Foreign Policy Blogs

SADC’s Questions, Questions for SADC

According to the Mail & Guardian, SADC's plan for Zimbabwe's economic recovery is a non-starter because, well, SADC and its member nations do not have the necessary funds and the prospect of such support coming from the west in sufficient qualities is highly improbable.:

The economic rescue package for Zimbabwe, touted at the Southern African Development Community (SADC) summit in Lusaka last week, is a non-starter, economists and political commentators argued this week.

They said that at least $15-billion would be needed to restore Zimbabwe's collapsing infrastructure and revive commercial agriculture, the mainstay of the formal economy. The region could not foot this bill and Western "development partners" would not come to the party unless Zimbabwe democratised and introduced rational economic policies.

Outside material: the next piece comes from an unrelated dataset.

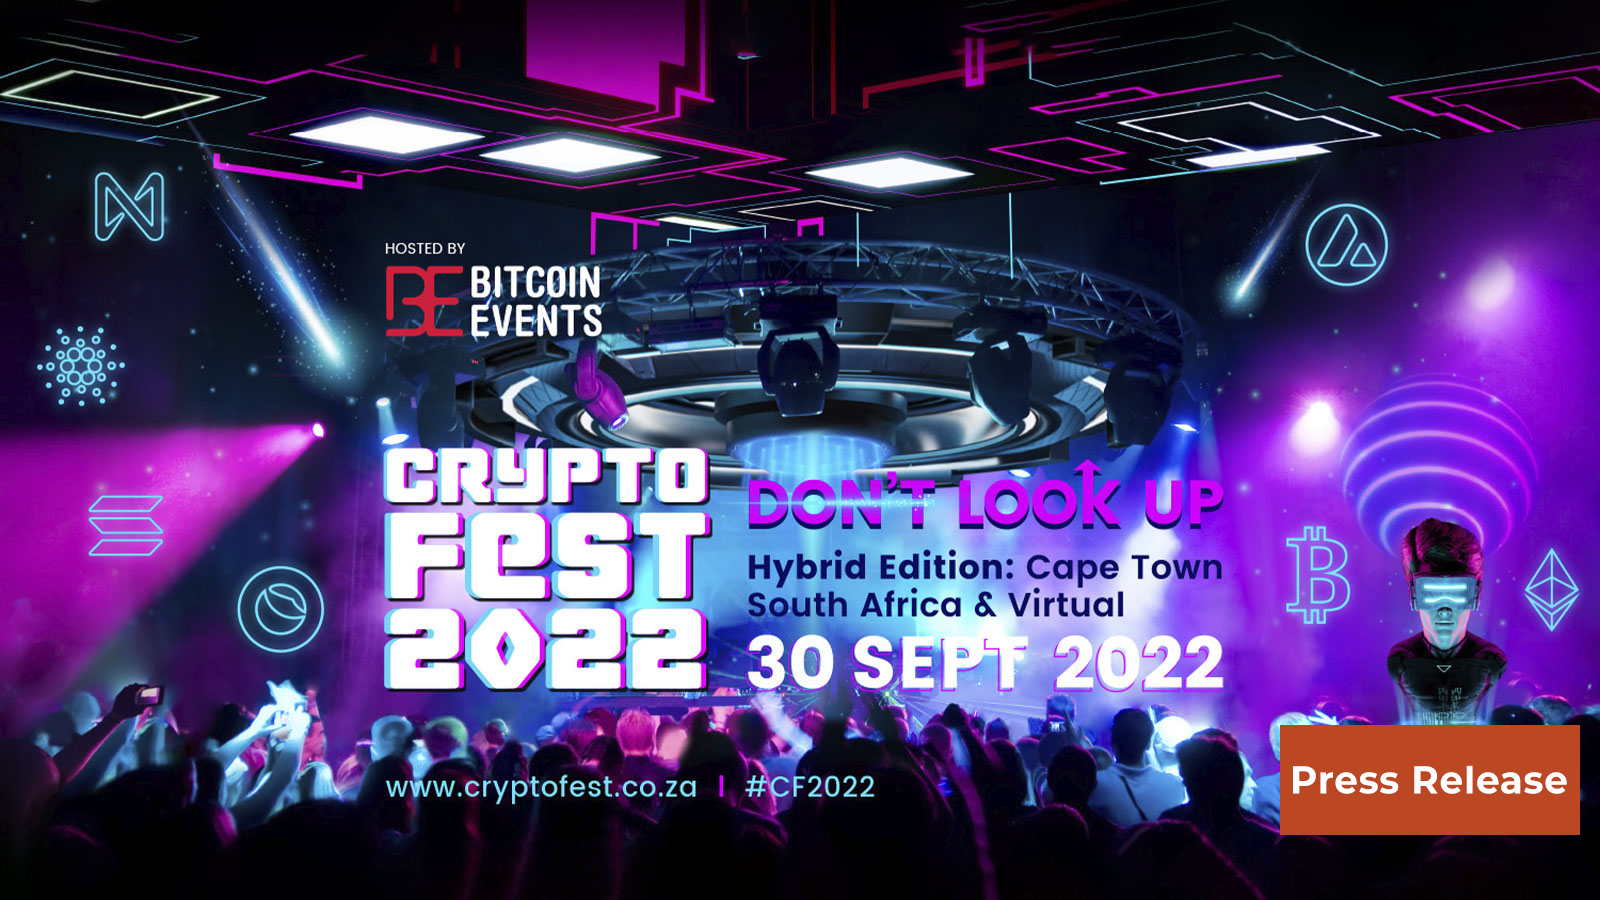 Bitcoin Events Sets the Stage for an Unparalleled Experience at Crypto
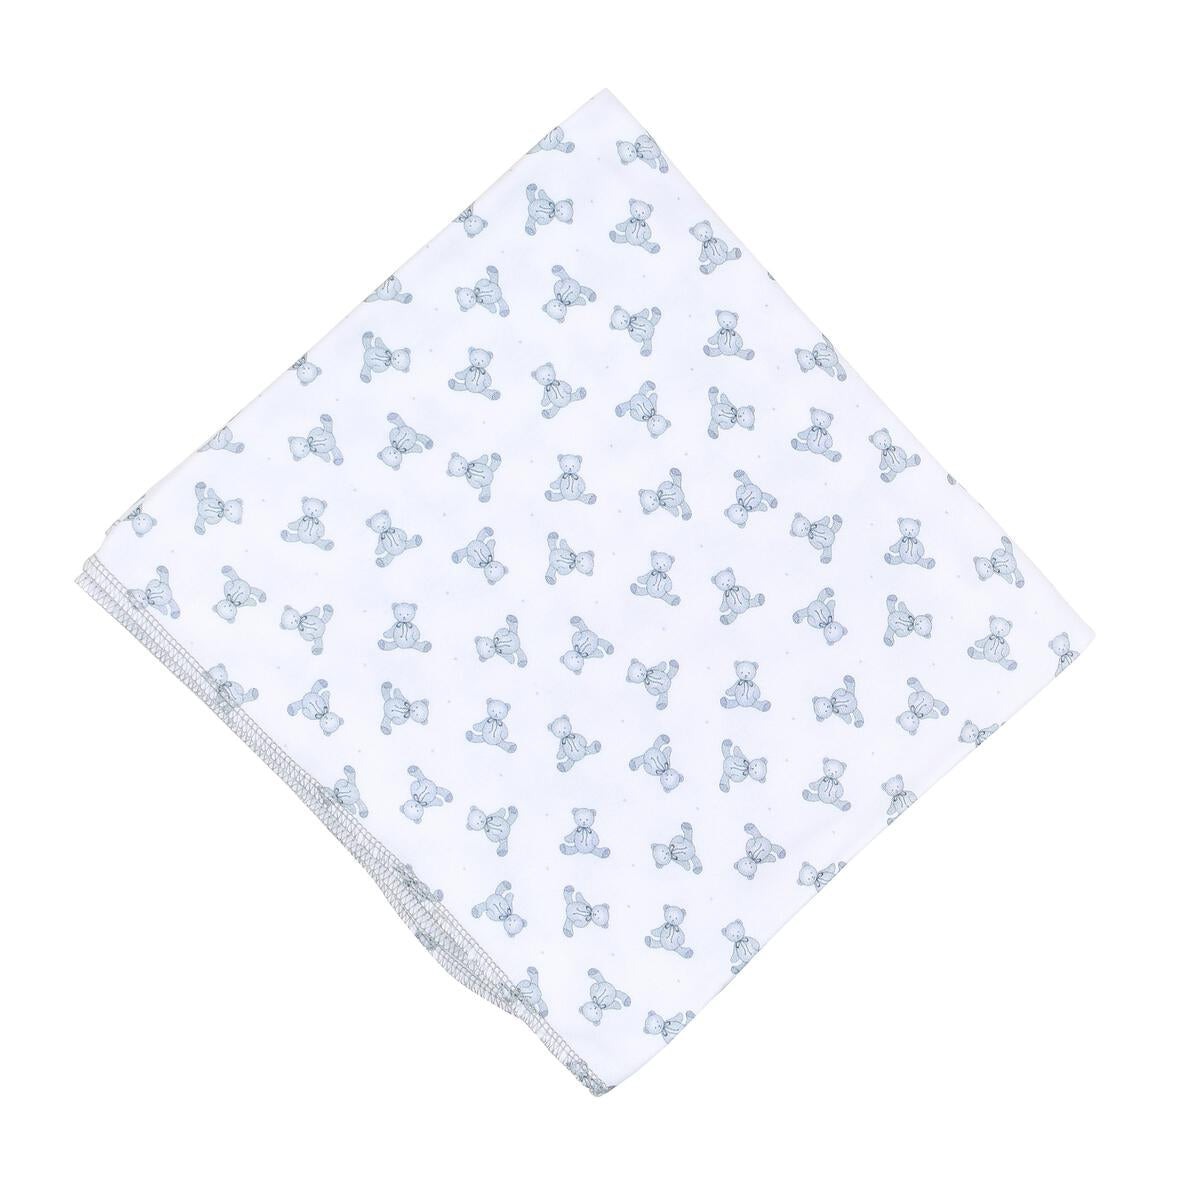 Baby's Teddy Printed Swaddle Blanket, Silver

There are two (possibly three) questions that SADC ought to be asking: Were the funds available, would the economic recovery plan be either desirable or viable? This is a crucial question because any Zimbabwe economic recovery plan that does not incorporate regime change seems to be placing a misshapen stopper in a spilling bottle. Doing so will be, at best, a temporary solution. The second question then takes two paths: If such a plan is viable or desirable, is accessing the funding truly an impossible task? If not, then what plan must SADC develop in its place?

But of late it seems that SADC is uninterested in asking what ought to be baseline questions for fear of not finding their preferred answers. Until the member nations of SADC take the questions seriously, there is little reason why we should seriously consider their answers.